Erfgoed Leiden en omstreken

Info

Verhaal: Sint Elisabethgasthuis

  • Leiden
  • Geschiedenis voor 1500
  • Geschiedenis 1500-1600
  • Geschiedenis 1601-1700
  • Geschiedenis 1701-1800
  • Geschiedenis 1951- heden
  • Gebouwen

Gevelteken Caeciliastraat en Oude Vest


GT_1020 foto stiel.

Na de restauratie van het St. Elisabethgasthuis in 1971, werd een nieuwe gevelsteen aangebracht, in gekleurd reliëf, met inschrift:
ST. URSELEN ST.ELISABETTEN
CONVENT 1575 GASTHUIS


In het reliëf zijn een schip met jonkvrouwen, een kamer waar zieken worden verpleegd en een cirkel met drie kronen en het jaartal 1428 afgebeeld.
Het eerste motief verwijst naar de legende van St. Ursula en de elfduizend maagden, het laatste is het wapen van de Heilige Elizabeth van Thüringen.
In het midden van de gevelsteen is een middeleeuwse ziekenzaal afgebeeld.
De afbeelding van de Heilige Ursula op de gevelsteen, is een verwijzing naar de samenvoeging van het Sint Elisabethgasthuis en het naastgelegen Sint Ursulaklooster in 1576.

Maker van de steen is beeldhouwer Hans ’t Mannetje (1944) die zich specialiseert in het maken van gevelstenen.

Het verhaal van Elisabeth van Thüringen (1207-1231):
Zij was de dochter van de koning van Hongarije en getrouwd met Lodewijk van Thüringen waarmee ze 2 dochters en een zoon kreeg. Tijdens de hongersnood van 1226 helpt zij de armen, tegen de wens van haar man in. Zij gaat echter door met het bakken en uitdelen van broden. Op een dag komt ze haar man tegen en hij ziet dat ze haar schort gevuld heeft. Hij laat haar het schort openen, maar in plaats van broden liggen er rozen in.
Na het overlijden van haar man werd Elisabeth door haar zwager, die zij versmaadde, uit haar kasteel gezet.
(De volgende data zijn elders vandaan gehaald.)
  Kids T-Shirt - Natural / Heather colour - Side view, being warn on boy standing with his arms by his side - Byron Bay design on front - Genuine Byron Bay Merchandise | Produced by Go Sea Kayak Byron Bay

Zij ging zich volledig wijden aan de ziekenzorg.
Vier jaar na haar dood in 1231 werd ze, als één van de weinige gehuwde moeders, heilig verklaard.
De drie kronen uit het wapen van Thüringen, die hier zijn afgebeeld, staan symbool voor haar onbaatzuchtigheid als maagd, echtgenote en weduwe.

Het verhaal van Ursula:
Ursula kwam naar Keulen terug van een pelgrimage naar Rome. Keulen was echter belegerd door Hunnen. Alle alle bedevaartgangers, behalve Ursula, werden door de wrede Hunnen gedood. De aanvoerder van de Hunnen liet zijn oog vallen op Ursula en wil met haar trouwen. Zij weigerde en werd gedood.
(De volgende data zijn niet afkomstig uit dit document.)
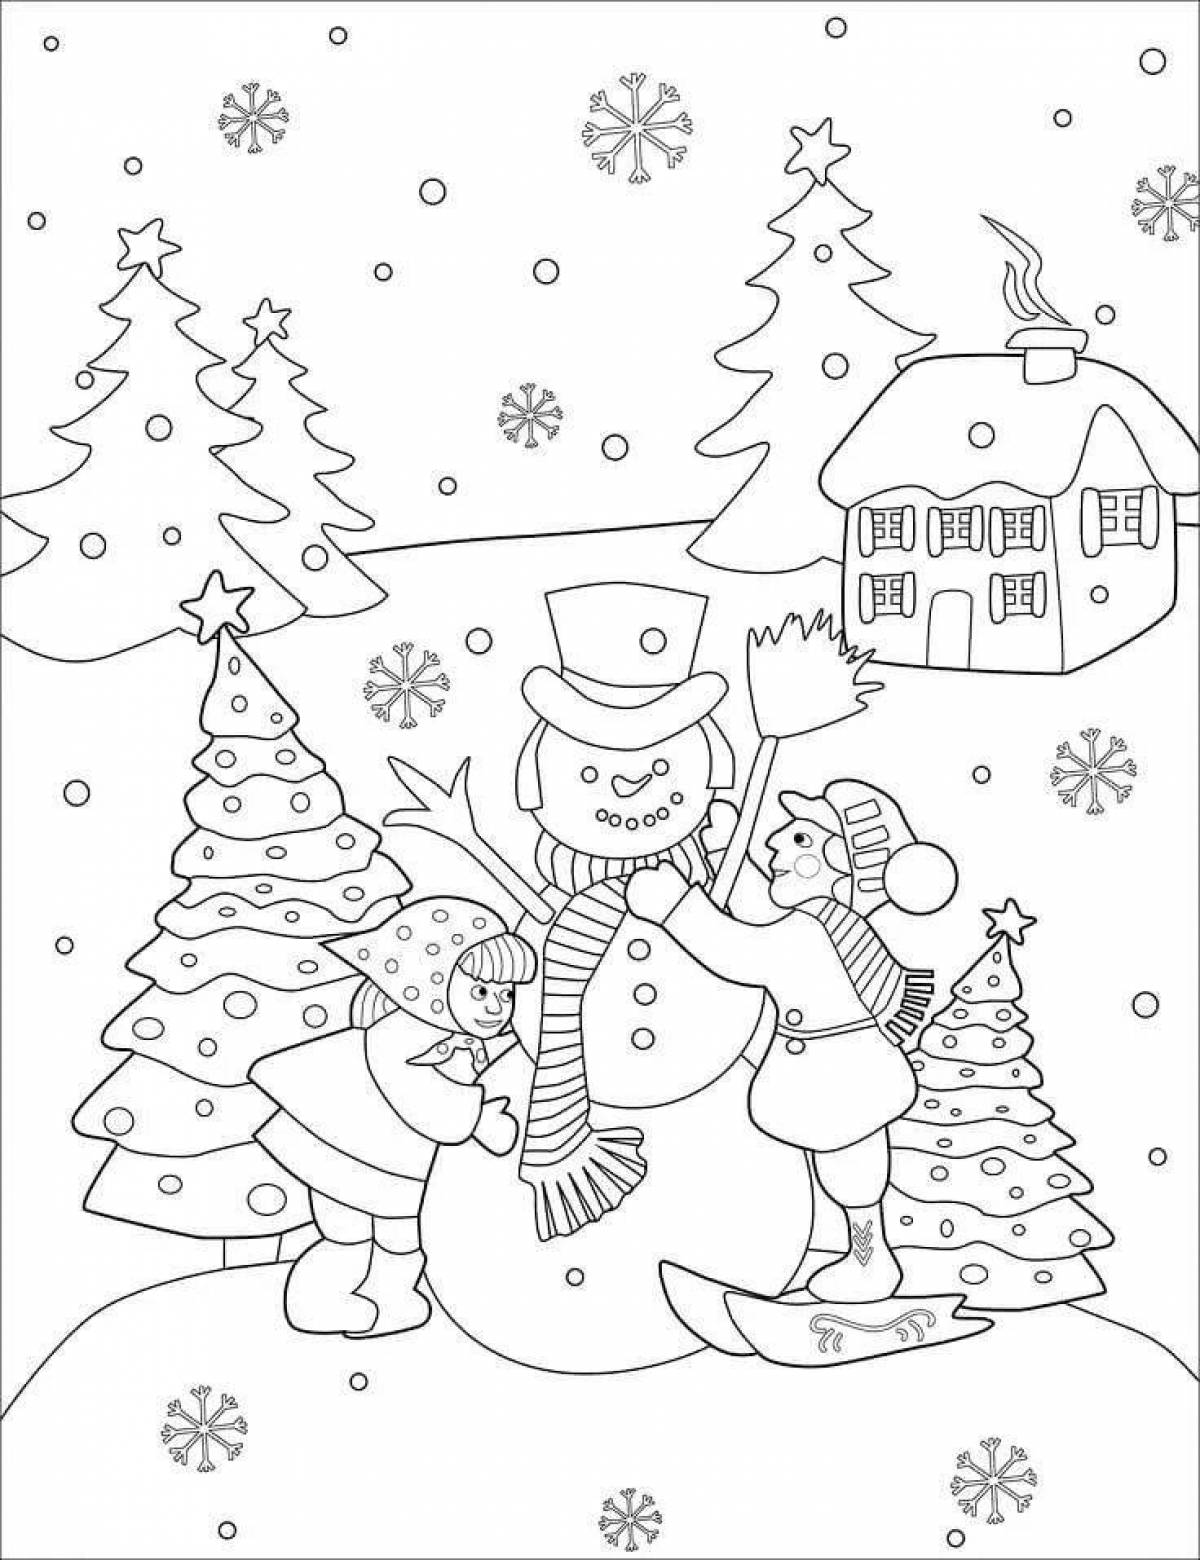 Animated snowman coloring page

Het Sint Elisabethgasthuis werd gesticht in 1428 door Jan Dirc Coenenzoon en zijn vrouw Katrijn Willem Tedensdochter. Zij waren welgestelde Leidse burgers en kochten in 1428 een huis met erf en stichtten er een gasthuis "tot armer ellendiger sieker vrouwen personen behoef". Ze stelden het onder bescherming van de Heilige Elisabeth en gaven als startkapitaal 4 koeien en 100 Franse gouden kronen.

Het Gasthuis lag in de wijk 'de Camp', tussen de Oude Vest, Lange Mare en Stille Rijn. Dit was grondgebied van Oegstgeest. 'De Camp' was vanaf de tweede helft van de 14e eeuw steeds belangrijker geworden voor de stad Leiden en viel onder de parochie van de Onze Lieve Vrouwekerk.

Sluitsteen van een poortje, behorend aan het gasthuiscomplex, aan de Oude Vest.


GT_1139 Detailfoto


foto stiel

...
foto W. Devilee

Het nieuwe gasthuis werd onder de bescherming van de stad gesteld en kreeg daardoor dezelfde voorrechten als het Catharinagasthuis aan de Breestraat en O.L. Vrouwe gasthuis aan de Hooglandse Kerkgracht; de nalatenschappen van de gestorvenen vielen aan het gasthuis toe, er mochten legaten aanvaard worden en de huizen waren vrijgesteld van belastingen.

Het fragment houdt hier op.